Last December 26, Manila announced that a local government may buy its vaccine of choice, provided the government is the third party, conforming to the policy set by the vaccine suppliers.

President Duterte, acknowledging the success of some LGUs in clinching their own deals, said, "Many local governments opted to buy on their own because they have the money and they can choose the vaccine they want."

The vaccines an LGU purchases, DILG and DOH made clear, shall be for those persons who are not included in the national government's priority list.

PRO-ACTIVE LGUs, SOUND BITES. Senator Francis Tolentino, chairman of the Senate committee on local government, lauded the President this week for ratifying the initiative of some LGUs in procuring vaccines.

He defended the legal right of LGUs to make the emergency purchase, citing the Local Government Code and the procurement reform law and asserting that no current law or the president's Executive Order to the Food & Drug Authority on EUA (emergency use authority) prohibits LGUs from buying vaccines on their own.
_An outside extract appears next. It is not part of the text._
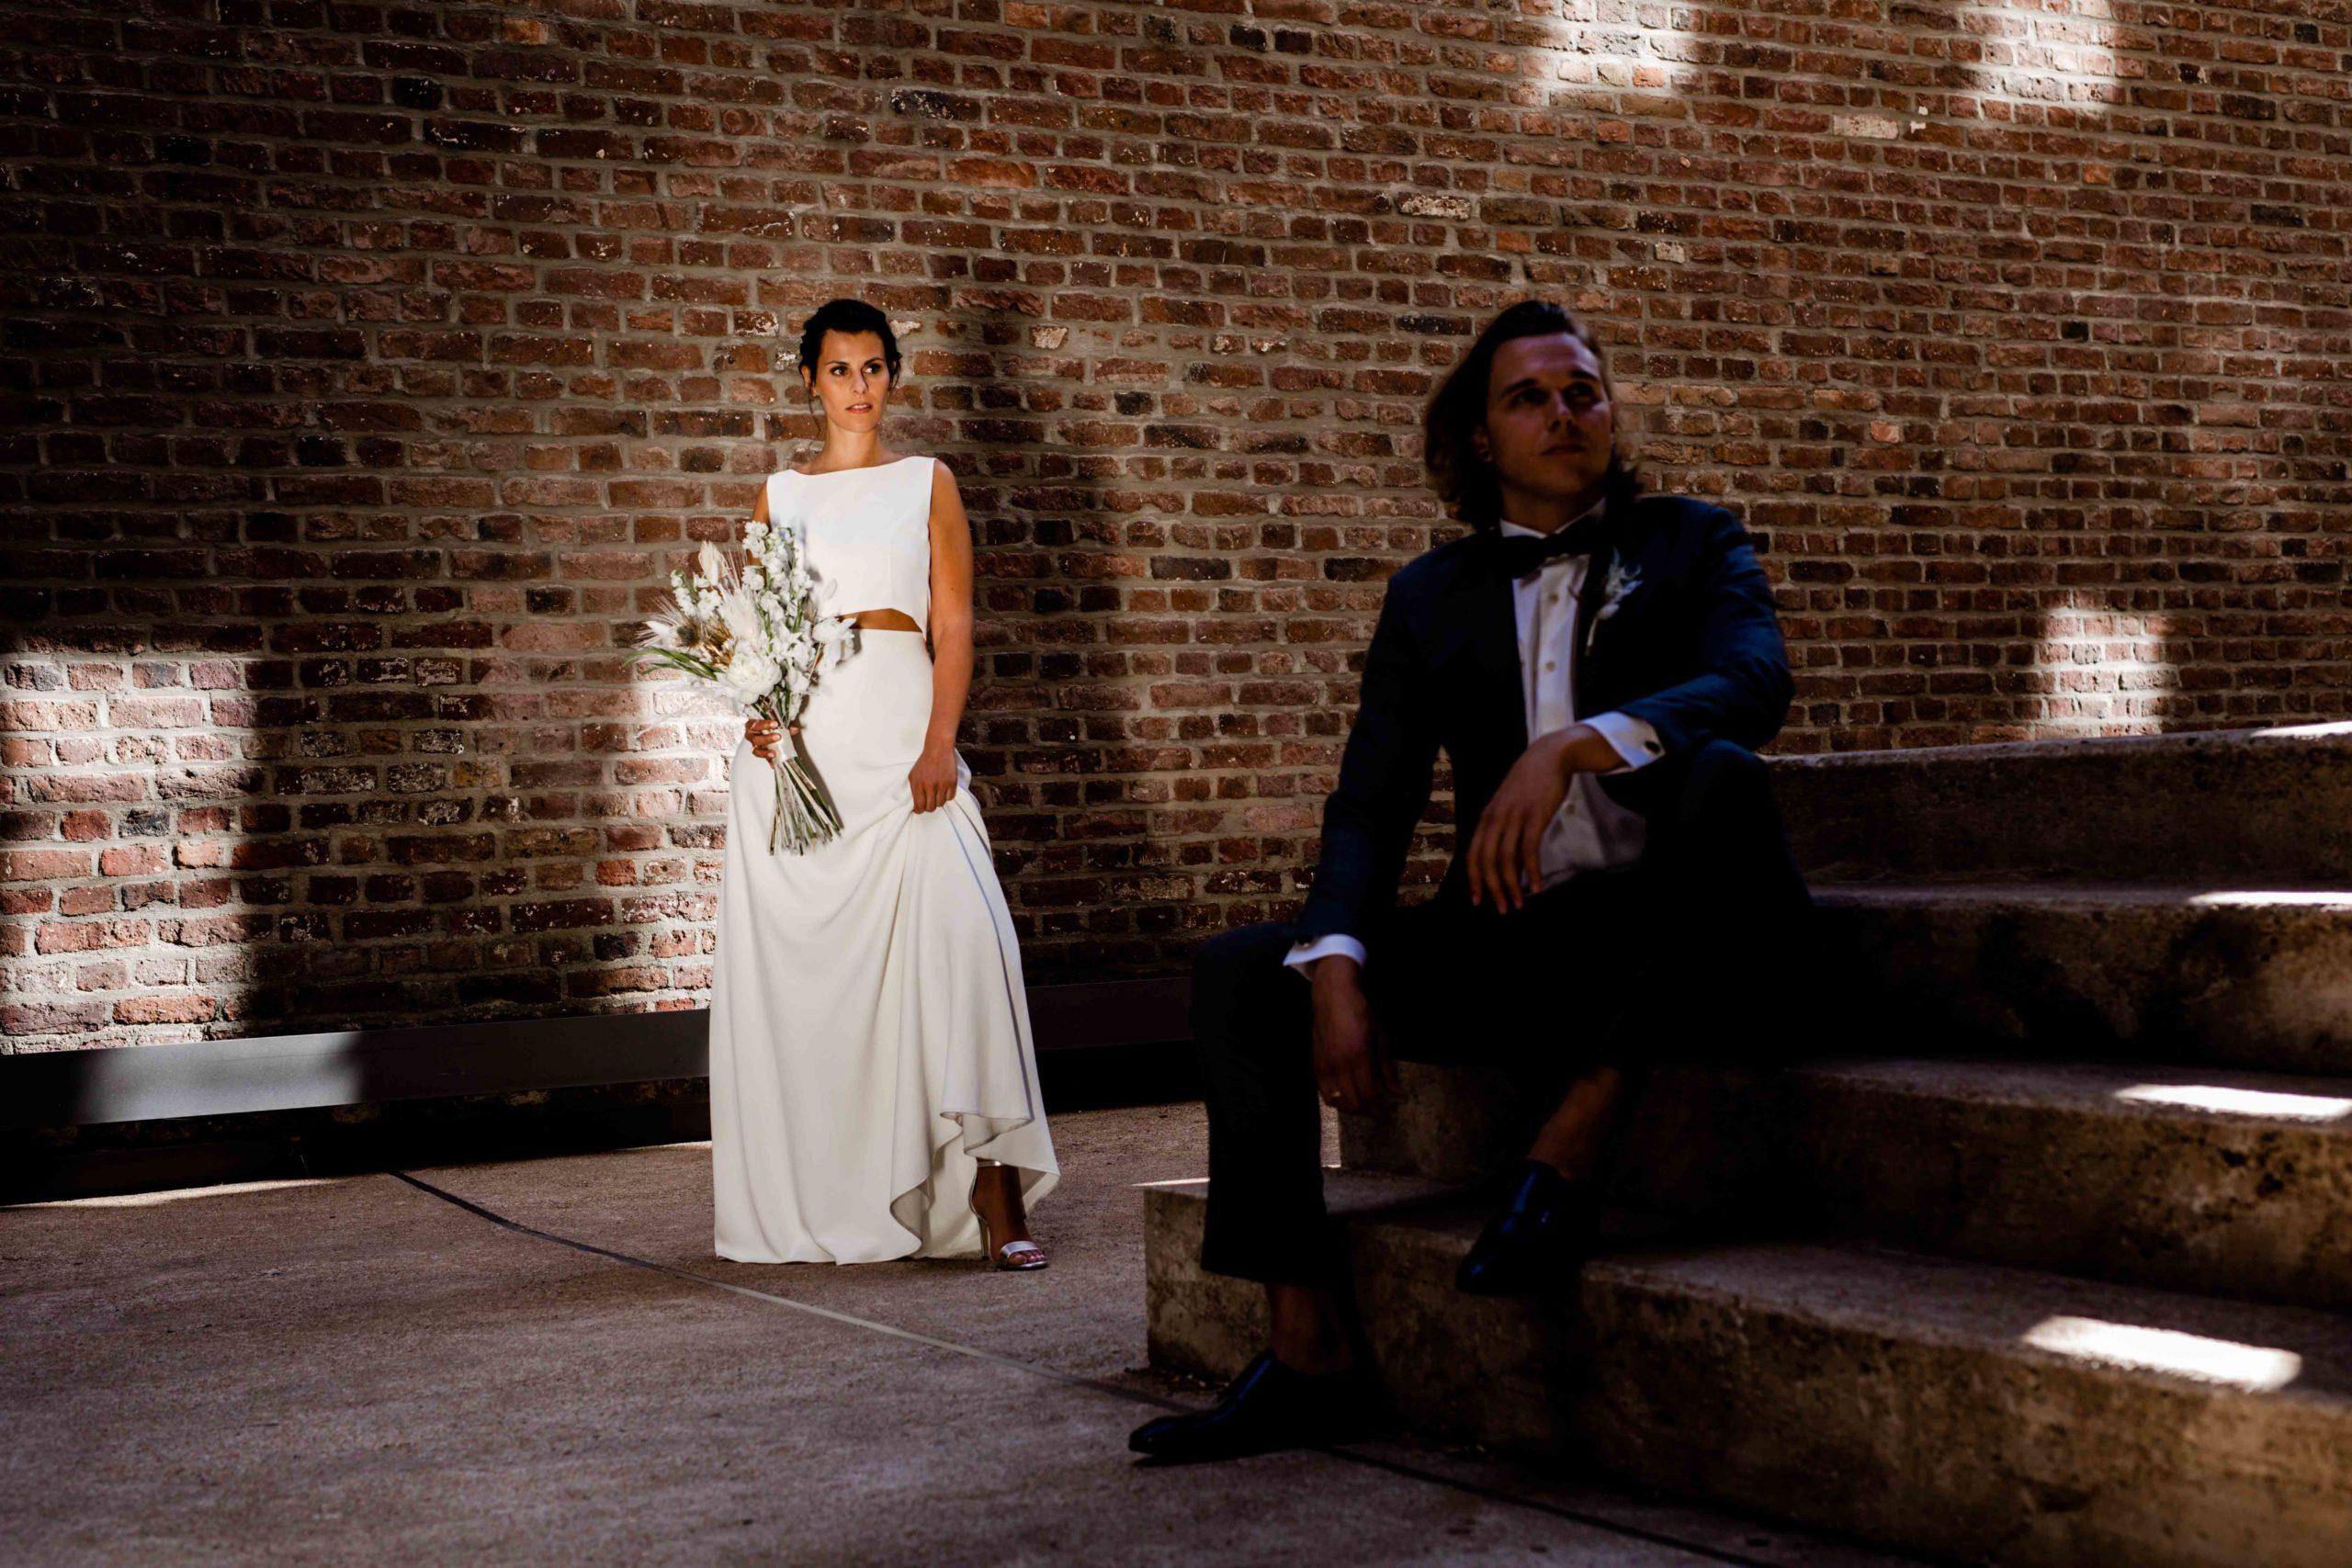 Styled Shoot Brautmode, Model-Brautpaar in Hochzeitsgarderobe mit Brautstrauss vor Backsteinmauer, Bräutigam auf Treppen sitzend

The requirement about the tripartite agreement is imposed by the vaccine makers; Manila is just conforming to it.

Senator Tolentino called the zealous LGUs "pro-active." Governor Gwen said the activism would draw sound bites and headlines but she would rather concentrate on the more pressing problem of nursing the province's economy back to health. Getting the vaccine is largely the national government's job. Besides, she said, they wouldn't know how many doses Capitol needs to buy until they are told its share from the Manila allotment. As to controlling Covid-19 transmission, the governor would stick to the health protocols and boosting immunity, including "traditional" methods.

WHO DID BETTER. One can't tell for now which LGUs took the better option. But the outcome of the race for the vaccines, whether a local government joins it or just watches and waits, won't be determined until the next few months.

Developments on the coronavirus -- its containment or further spread and how access to vaccines makes the difference -- may tell which public officials took the better path in coping with the pandemic.